A verdadeira fraternidade jamais serve para proteger criminosos.

Ela existe para formar homens melhores.

O caso francês oferece uma reflexão que ultrapassa fronteiras.

Independentemente do país, torna-se cada vez mais importante que as organizações maçônicas mantenham processos rigorosos de seleção, acompanhamento e disciplina de seus membros.

Nenhuma instituição humana está totalmente protegida contra desvios individuais.

Contudo, organizações sólidas demonstram sua grandeza justamente pela capacidade de identificar desvios, corrigi-los e preservar seus princípios fundamentais.

A confiança pública depende não apenas da qualidade dos ensinamentos, mas também da coerência entre discurso e prática.

A cobertura jornalística frequentemente privilegia manchetes impactantes.

É compreensível.

Entretanto, para quem conhece minimamente a história da Maçonaria, torna-se evidente que centenas de anos de atuação em favor da educação, da liberdade de consciência, da filantropia e do desenvolvimento moral não podem ser reduzidos aos atos de um pequeno grupo de pessoas que, segundo a Justiça, desviaram-se completamente desses valores.

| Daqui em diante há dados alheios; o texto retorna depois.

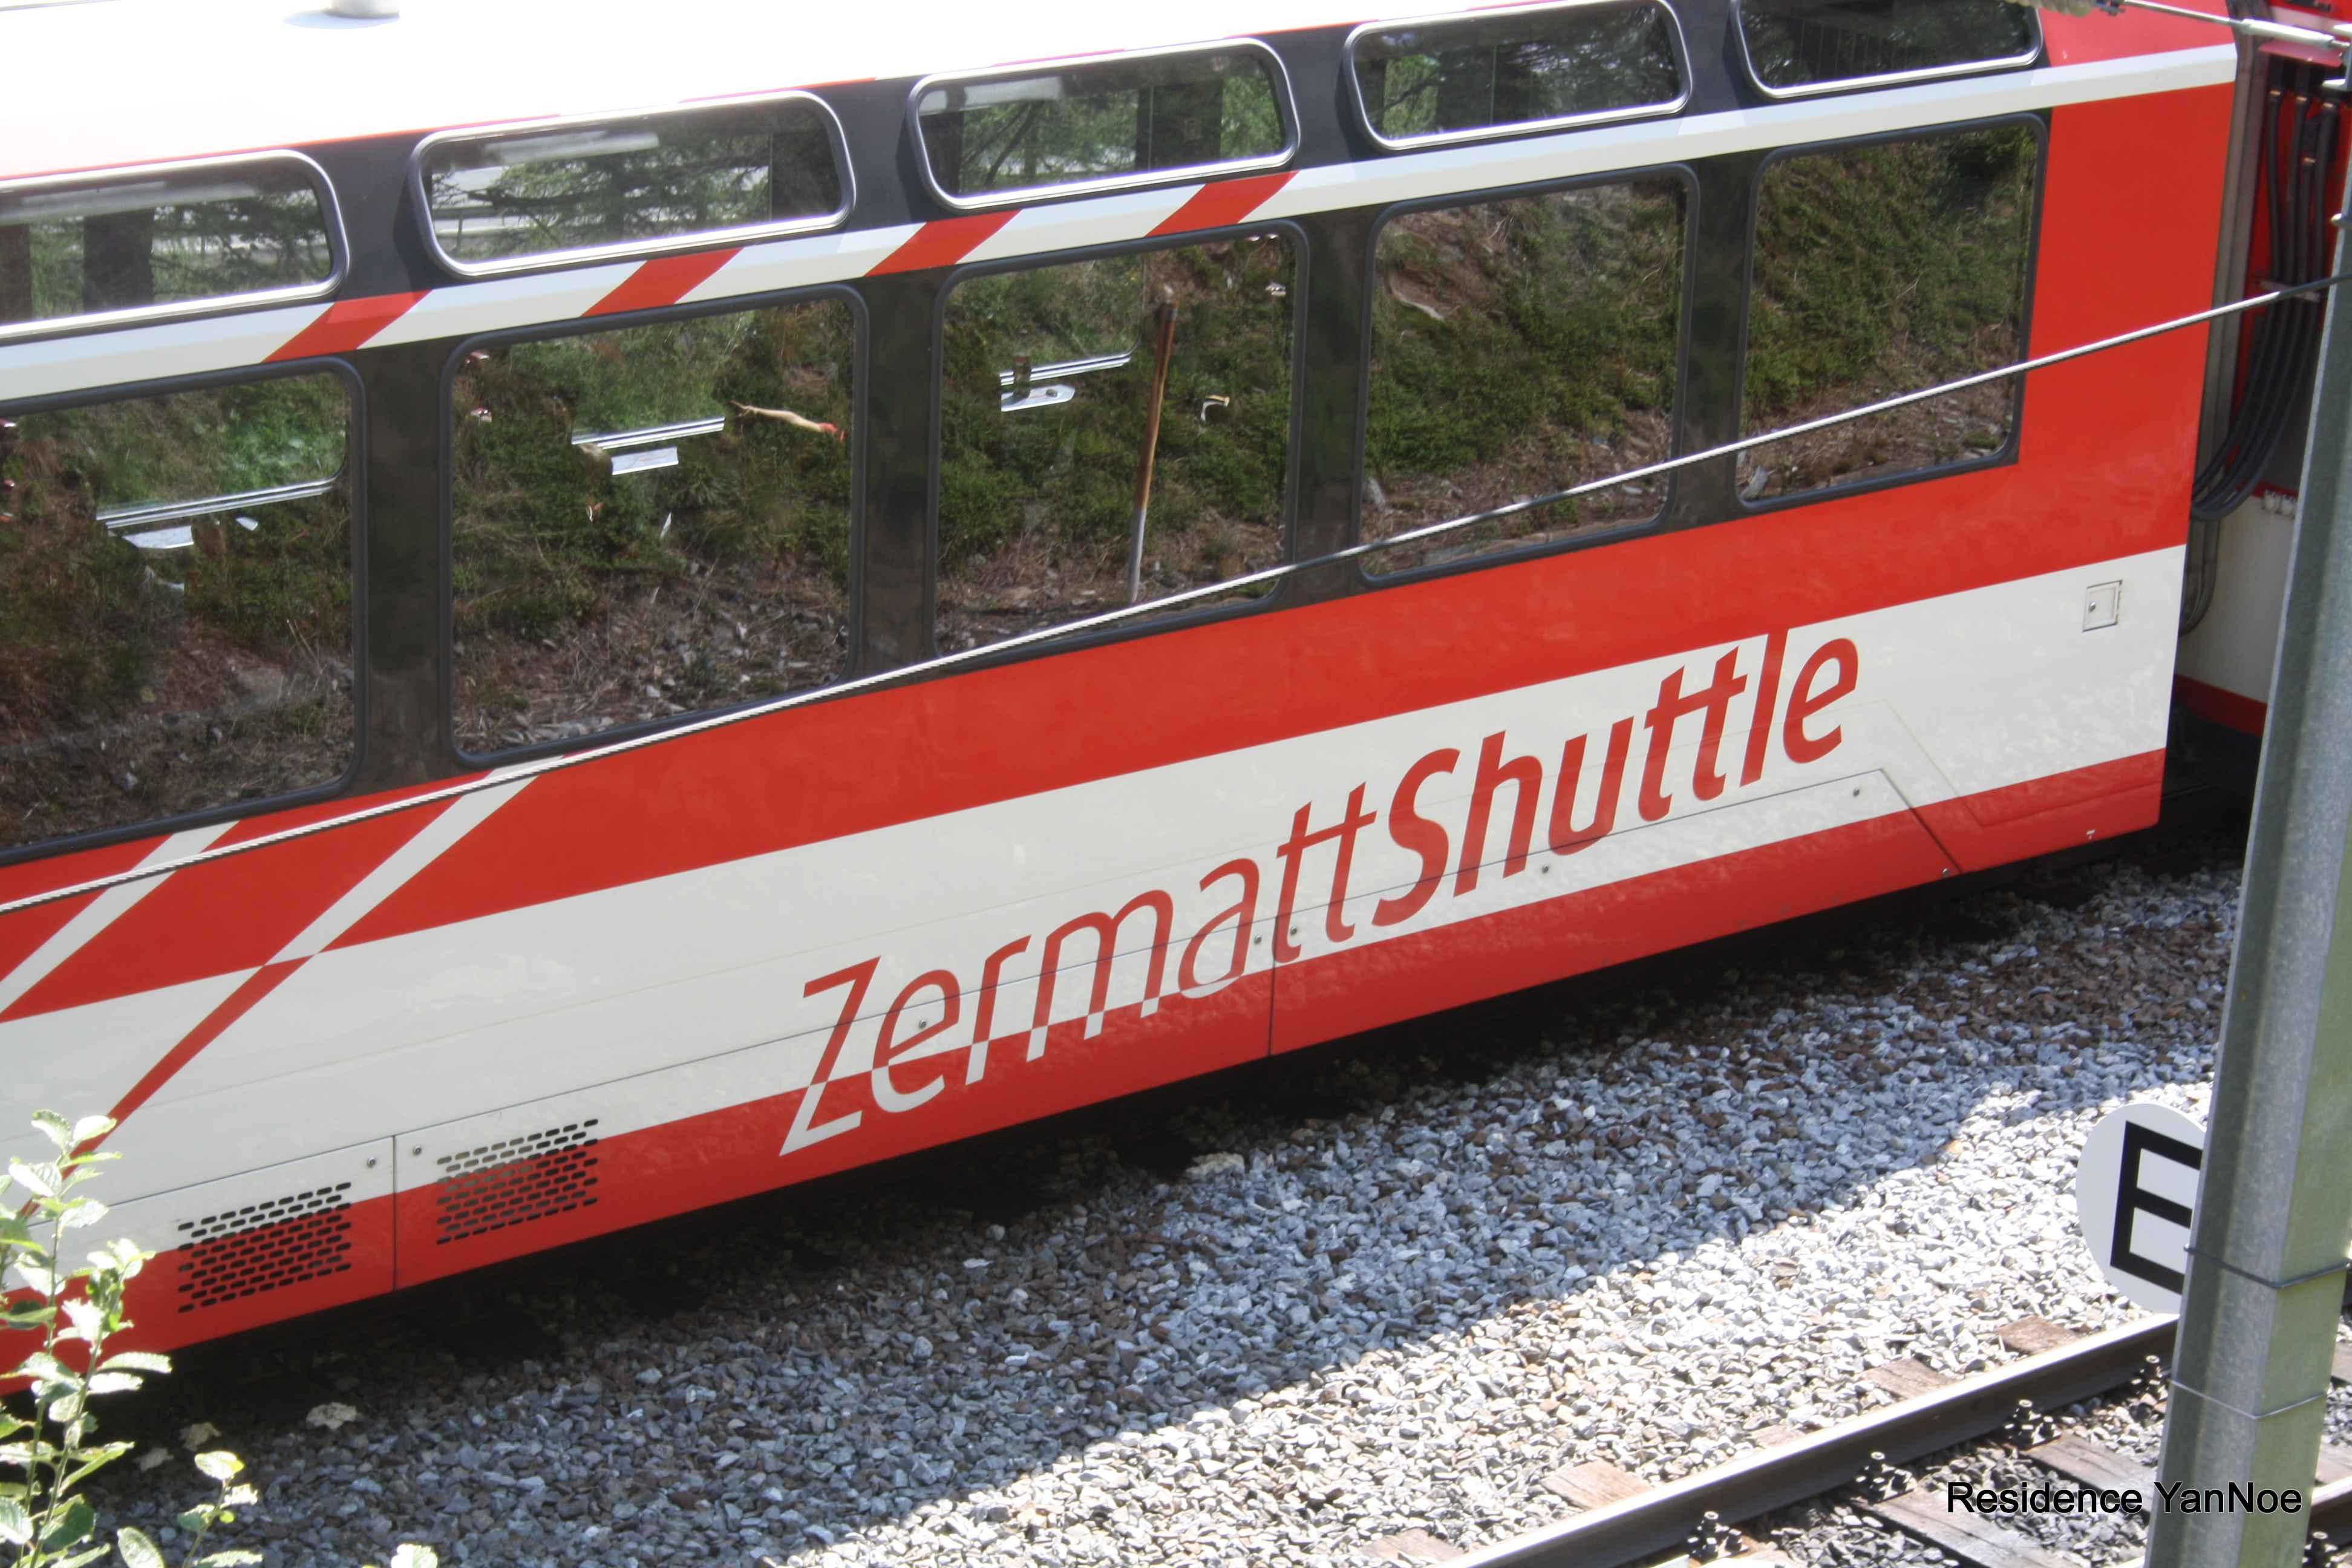 Zermatt Shuttle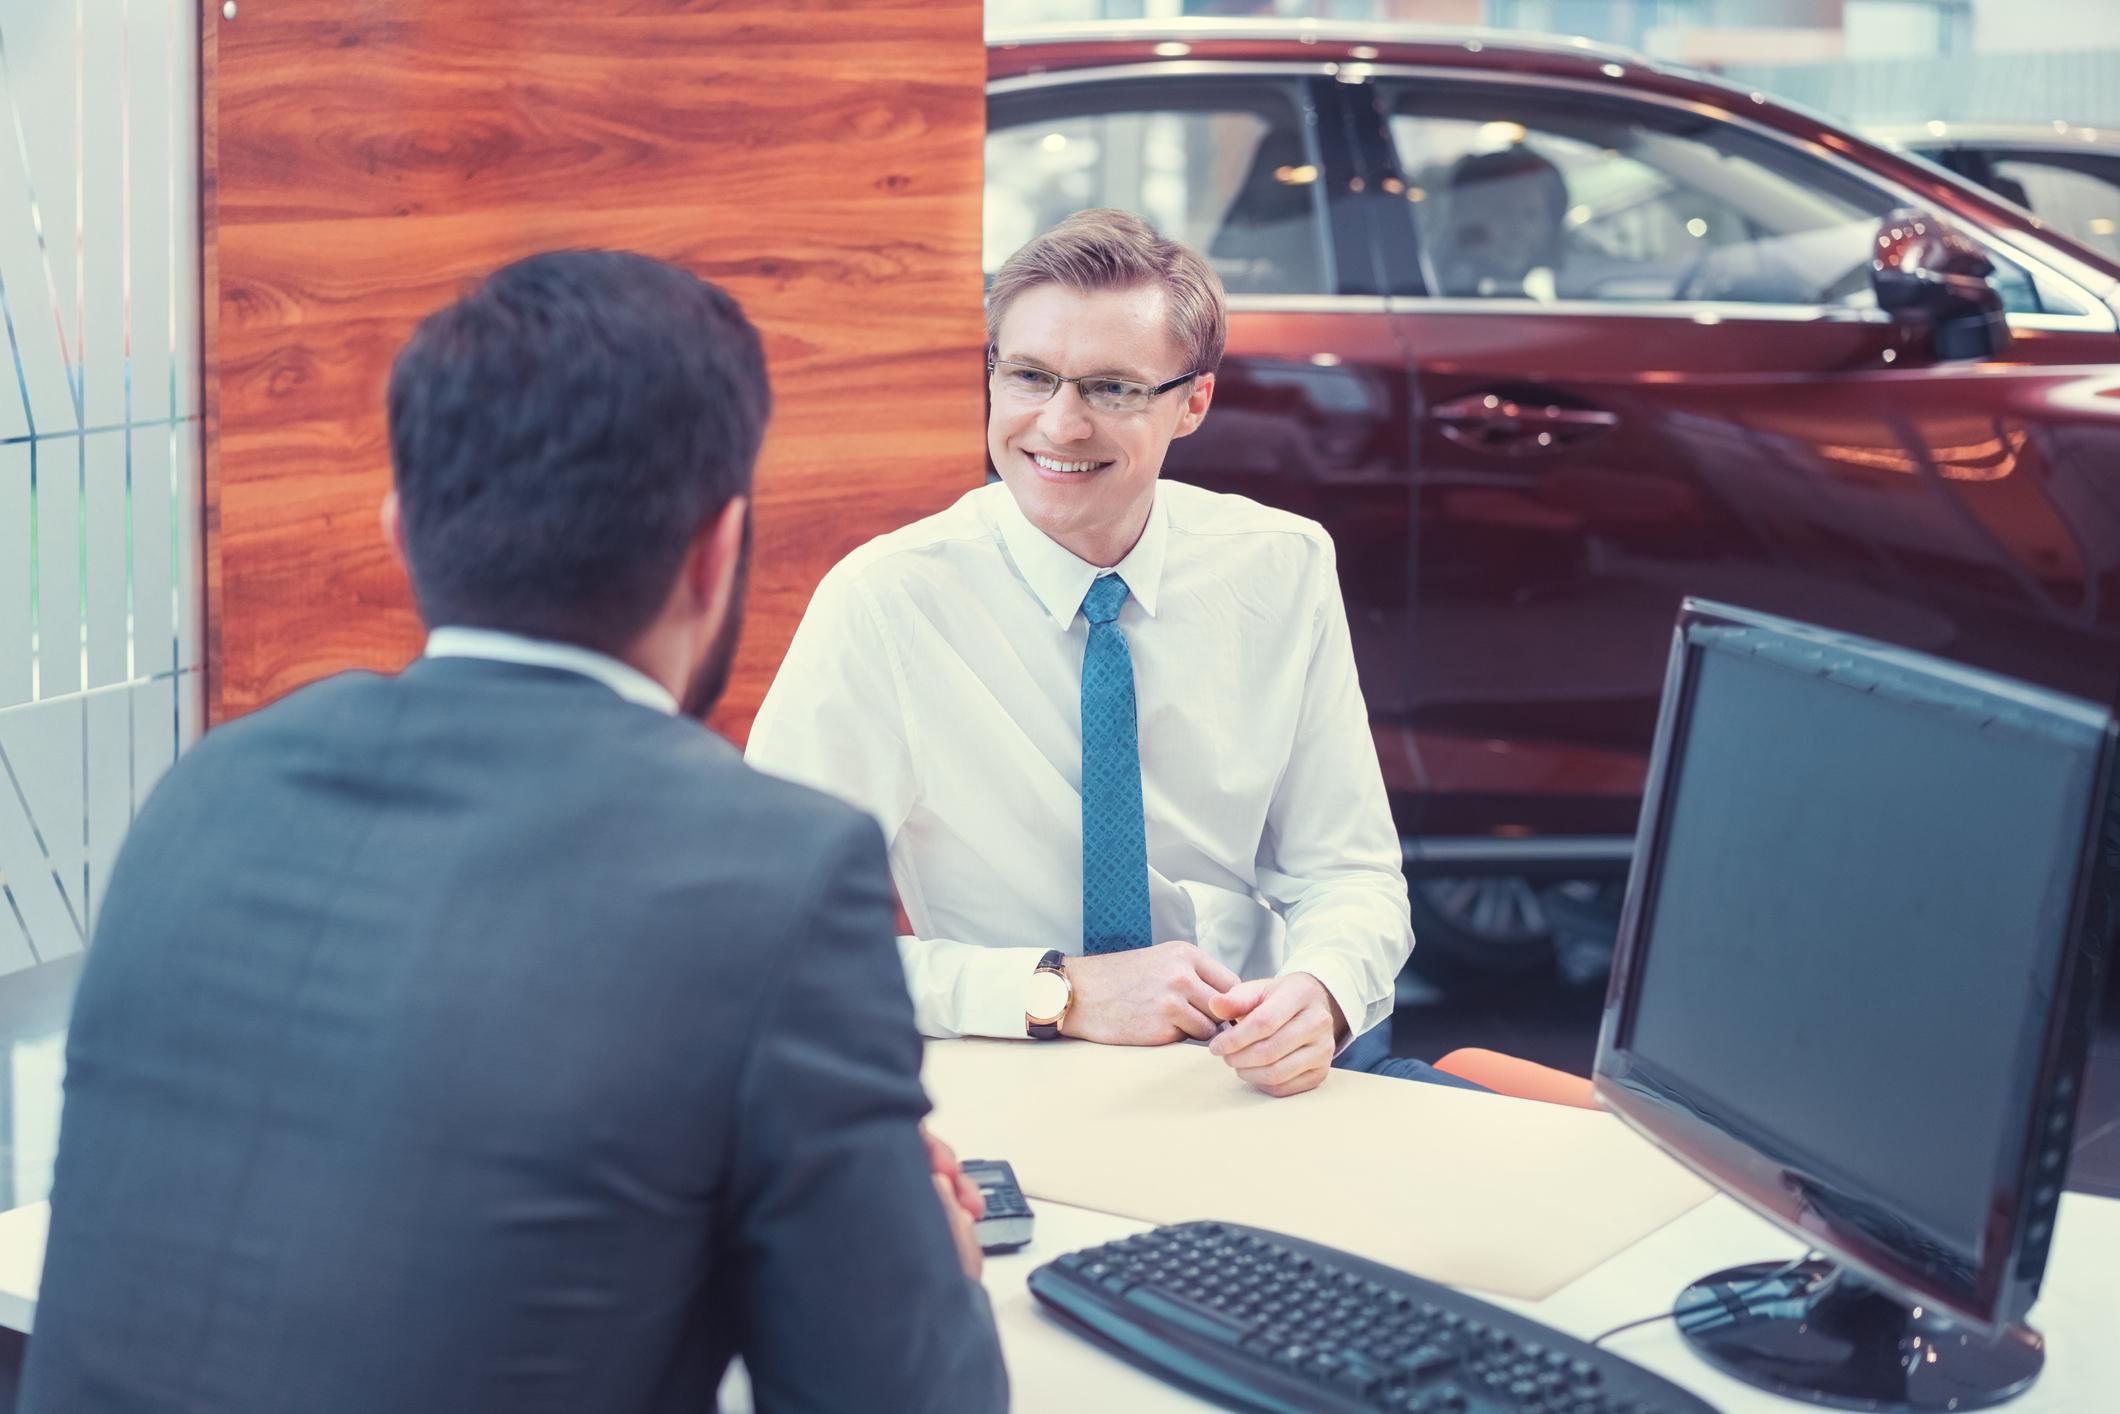 Conversation at Car Dealership

A própria sentença demonstra que a Justiça analisou responsabilidades individuais, distinguindo condenações e absolvições conforme as provas apresentadas. (

Esse aspecto merece destaque.

Quando a Justiça individualiza responsabilidades, ela reafirma um princípio essencial do Estado de Direito: cada pessoa responde pelos próprios atos.

O simbolismo maçônico ensina que o verdadeiro trabalho acontece dentro de cada iniciado.

O "forno alquímico" não produz poder, influência ou privilégios.

Produz transformação moral.

Quando alguém utiliza a fraternidade como instrumento para interesses ilícitos, deixa de representar os ideais da Ordem e passa a representar apenas suas próprias escolhas.

Esse talvez seja o maior ensinamento deixado pelo Caso Athanor.

Mais do que um episódio policial, trata-se de um lembrete de que nenhuma organização está imune à ação humana e de que os valores somente permanecem vivos quando são efetivamente praticados.

No fim, a Justiça cumpre seu papel ao responsabilizar indivíduos. Já a Maçonaria cumpre o seu quando continua formando homens comprometidos com a ética, a verdade e a construção de uma sociedade mais justa.

Porque símbolos podem ser momentaneamente manchados pelas ações humanas, mas seus verdadeiros significados sobrevivem quando permanecem sustentados pela prática dos seus princípios.